Seadrill Ltd. so far has not informed shareholders that it has reached a mutually beneficial solution to its indebtedness problem with its creditors. The offshore drilling company, brought down to its knees by low crude oil prices and massive spending cuts in the offshore industry, has yet to work out a deal with lenders in order to reduce its leverage and transition to a more sustainable capital structure that would see the extension of existing debt maturities, covenant relief, as well as the infusion of new capital from existing or new investors.
However, Seadrill booked a victory on another front last week when the offshore drilling company said in a statement that it reached a settlement with Hyundai Samho Heavy Industries Co. Ltd., a shipbuilder that Seadrill contracted to build a new ultra-deepwater semi-submersible drilling rig in 2012, the West Mira, but ultimately exercised its right to terminate the construction contract as Hyundai failed to deliver the rig on time. Seadrill has now reached a settlement in an arbitration process, and is expected to receive $170 million in cash in March 2017. At the same time Seadrill will have to swallow a $44 million impairment loss (which is purely an accounting entry), reflecting the difference between the West Mira receivable value and the cash settlement.
The settlement leads to a nice cash infusion at a time when Seadrill continues to try to hammer out a deal with its lenders. As small as this victory may be, it is an important victory for a company that fights for its survival.
A Life Line From Billionaire Investor Fredriksen?
Fredriksen's asset holding company Seatankers purchased the West Mira semi-submersible rig for $365 million which was part of the settlement agreement between Seadrill and Hyundai Samho Heavy Industries Co. Ltd. Fredriksen is an enterprising business owner with a contrarian mindset and a good sense for investments that are out of favor. As a result, I wouldn't be at all surprised if Fredriksen provided some sort of bridge financing/loan/additional capital himself to help Seadrill out.

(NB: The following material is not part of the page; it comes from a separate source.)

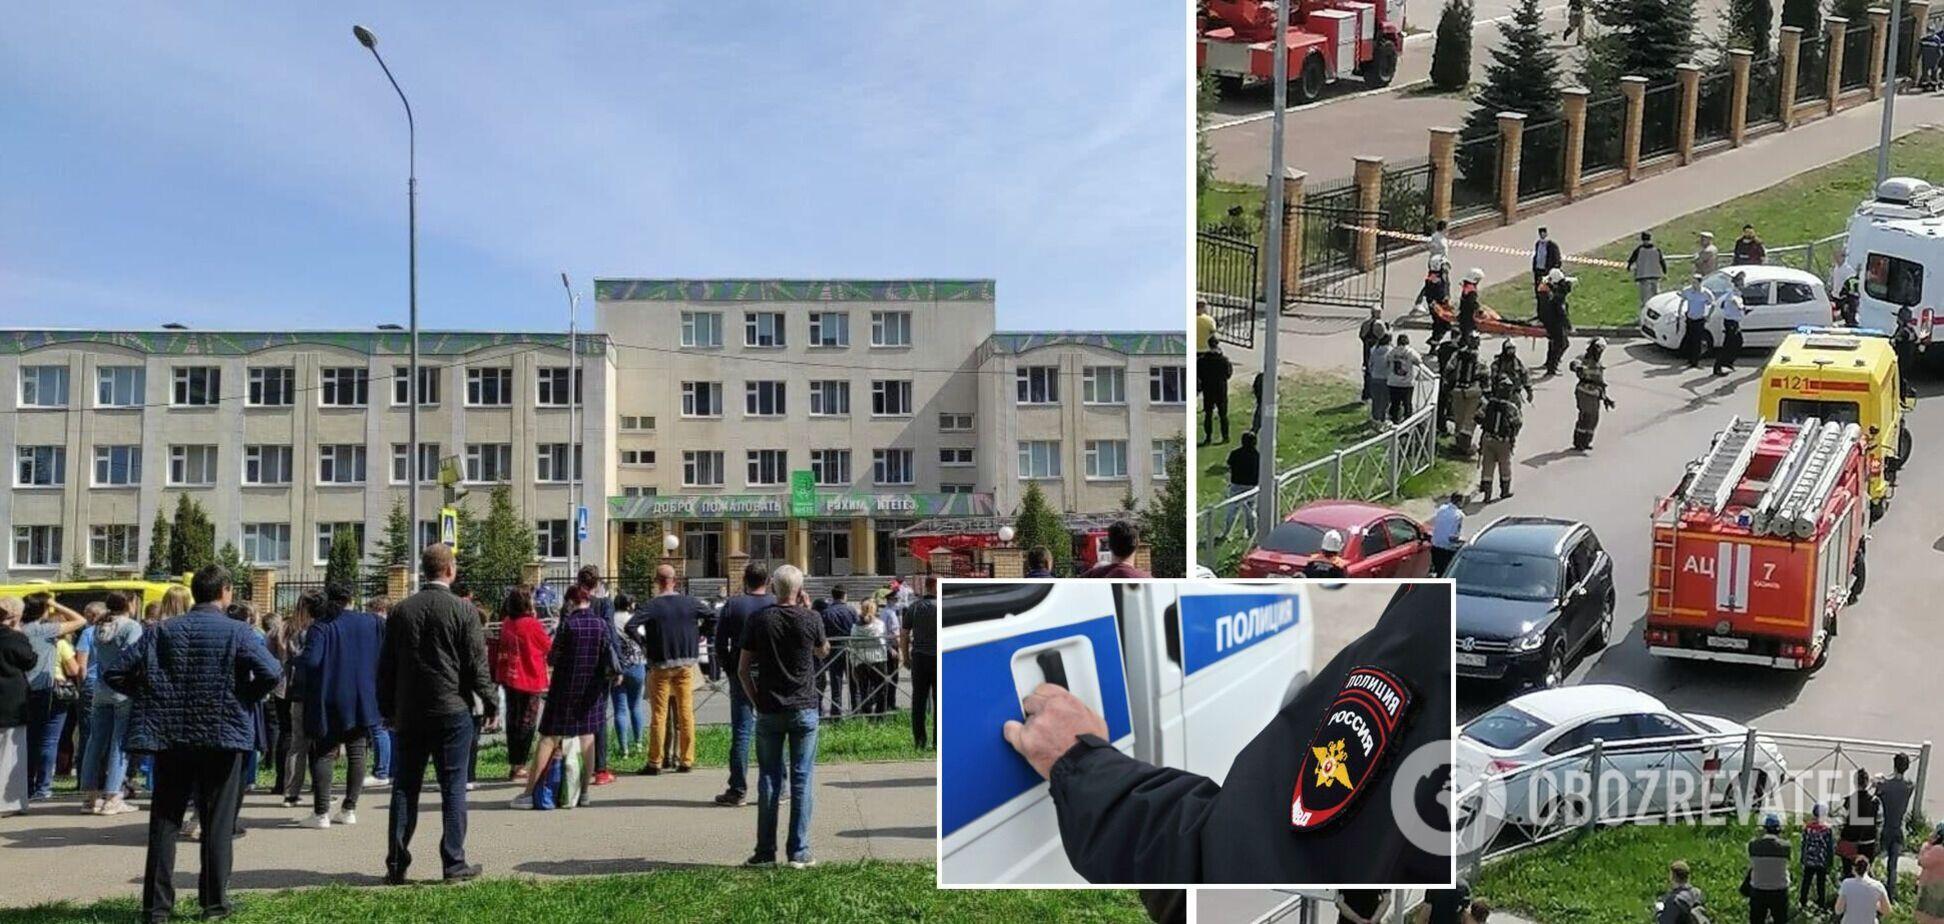 В российской Казани произошли стрельба и взрыв в школе: много жертв и раненых. Видео

The fact that Seatankers buys rigs at this stage of the growth cycle suggests that the billionaire shareholder has not given up on Seadrill and his offshore drilling business just yet either.
There is no question: Seadrill stands with its back to the wall and the company has so far not given investors an update as to where negotiations with its creditors stand. In other words: The company is likely deeply involved in negotiations at this time but they haven't yielded any meaningful results yet. However, I think Fredriksen has a long term view on the offshore drilling industry, and the purchase of the West Mira by Seatankers attests to just that. As far as I am concerned, Fredriksen may be a lender of last resort for Seadrill. It's not yet the time to throw in the towel.